El aumento de la cantidad de información y de la capacidad para gestionarla viene complementado con una creciente complejidad de la sociedad en que vivimos, que hace cada vez más difícil predecir y acertar en las decisiones.

Y, siendo conscientes de que esto es así, en breve los ciudadanos tendremos que acudir a las urnas para elegir a nuestros representantes, que a su vez decidirán sobre quiénes nos vayan a gobernar.

Es difícil calificar el escenario en el que nos encontramos, que es, cuando menos, un poco “Ig”. Las encuestas están emborronadas por horquillas cuya superposición puede dar lugar a casi cualquier resultado, siendo difícil prever lo que acontecerá.

El momento que vivimos recuerda al Balancé, aquella barraca de feria que, como su nombre indica, se balanceaba rítmicamente de un extremo a otro para deleite de unos y mareo de otros.

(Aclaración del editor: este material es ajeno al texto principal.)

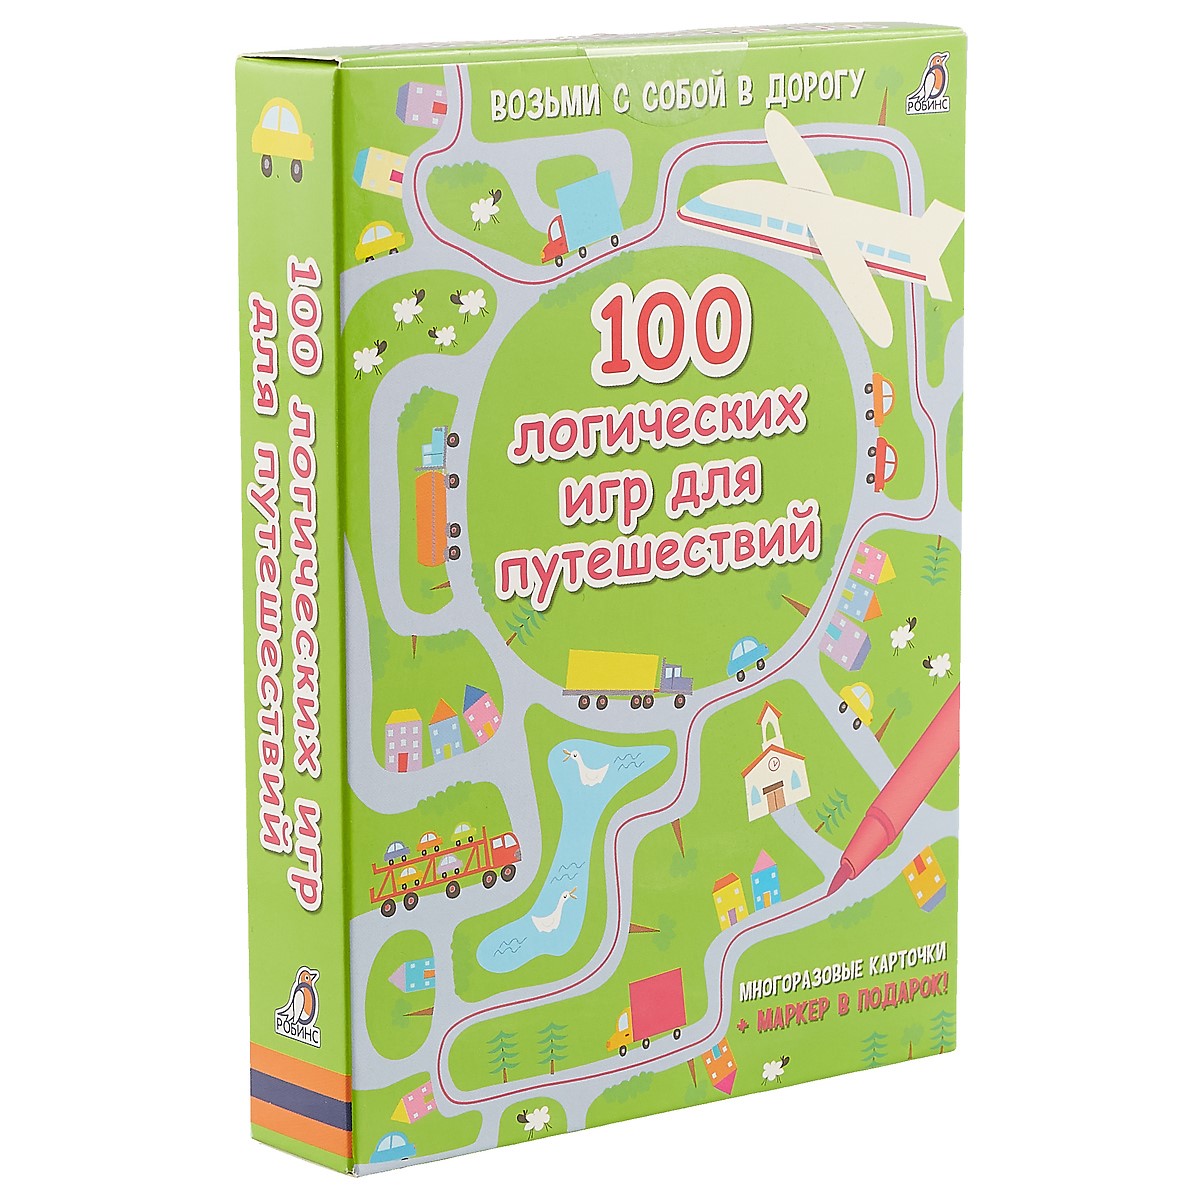 Асборн - карточки. 100 логических игр для путешествий карточки 100 логических игр для путешествий робинс детям

Una cosa es segura: será una noche electoral llena de sorpresas y de programas de debate que desplegarán de forma profusa la artillería combinatoria para deshojar la margarita de las alianzas posibles.

En este trance, la globalización está de nuestra parte. Puede que los ciudadanos de un país, el nuestro en este caso, voten, votemos, por parlamentos imposibles, pero sin duda la humanidad en su conjunto encontrará una salida.

El agua siempre encuentra un intersticio por la que filtrarse. De todos depende que sea potable.